Monday, 18 August 2008

A New Leicestershire Landmark

Not far from here is a road junction at the top of a hill that some of us call 'Whistle Top' Just behind the hedge on the north corner of the crossroads is one of the now sadly defunct triangulation pillars, marking the height above sea level here as 518 feet. Well, last week they had to close the road to Uppingham at this spot, and when I went to the town on Saturday to get the papers I found that the road was open again, but the road men had left a stack of traffic cones on the grass verge. I drove by them a couple of times, but then had to succumb to temptation.

Friday, 15 August 2008

Fizzzz Pop!

Out on the Fen again yesterday. Ended up photographing stuff I'd done before but with more clouds. However, a stop-off for a melting Kit Kat in a post office near Wisbech revealed two of these signs on the walls. Actually the Kit Kat was just so that I could go in and explain why I was lying on the pavement outside.
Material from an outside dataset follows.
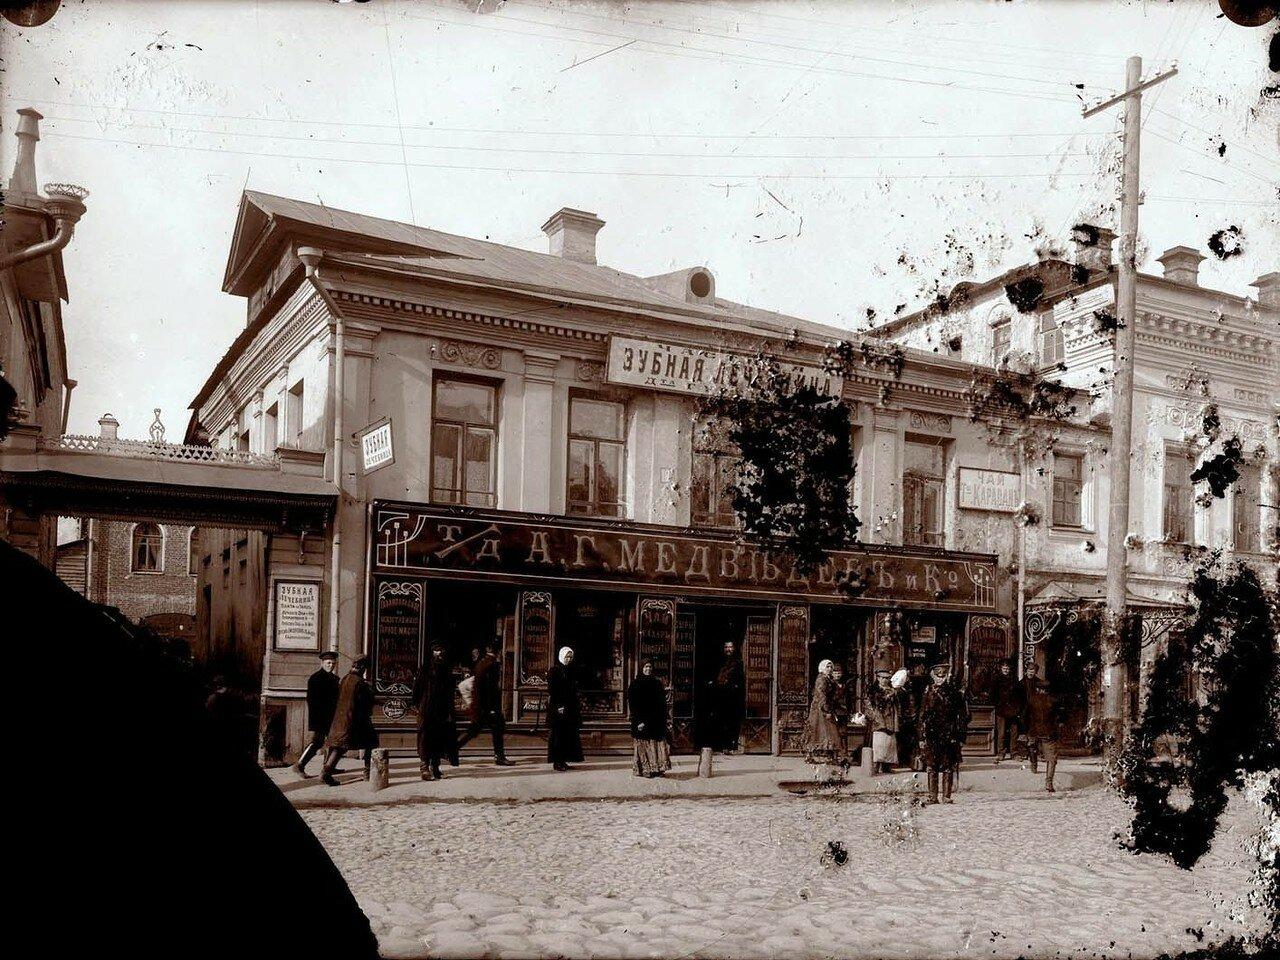 Торговый дом А.Г.Медведев и Ко на улице Стоялая

I said "I remember Corona being delivered on a lorry to my house" and the bloke behind the bandit screen just rubber-stamped something loudly and sighed "So do I", without looking up. And indeed it did come on a lorry. Four or five bottles a week, each with that funny white ceramic and red rubber stopper that we now associate with Grolsch. Well, some do. But ooh the flavours. Ginger Beer, naturellement, but other favourites were Dandelion & Burdock and Clarade, a cherry-coloured liquid of indeterminate flavour. The drinks appeared to be restricted in our household to Sunday lunchtimes when my father stood with his back to the fire with a ginger wine and went on either about the sermon we'd all just suffered or the local butcher, who always incurred his wrath over the size and quality of the joint of beef appearing on the table. Since he probably only gave my mother sixpence to buy it he shouldn't have been surprised. Oh. Sorry. All that from just one rusty old sign. I do apologise.

Thursday, 14 August 2008

Cricket & All That Gas


Funny where you end up sometimes. I've just been writing about gasholders for Classic Constructs, and talked about the famous ones that pop up in our peripheral visions. The mighty Victorian iron frames that have always greeted trains slowing up into St. Pancras station, now also enjoyed by those arriving from La Continent. And then probably the most high profile one of all, caught in the slips at the Oval cricket ground in Kennington. So I took the tube down there and had a word with security at the gate, to see if I could get a shot of them across the grass. I might as well have said "Can I tip a bucket of creosote over the wicket?" and was unceremoniously tipped-out into the street. I'd forgotten that a test match was going to kick-off at the end of the week. So I wandered round Kennington Oval and came across this boarded-up pub with its batsman mural which did everything I wanted. Click. Click. But the really curious thing was seeing the Foster's sign lying on its back on the chimney. I designed these illuminated signs in the late eighties as part of a huge project to stop Ozzie brewer Elders painting every Courage pub blue and gold. I hated the thought of putting 'lager' on the bottom part of the roundel, so merely did 'Foster's' again. Just doing my bit.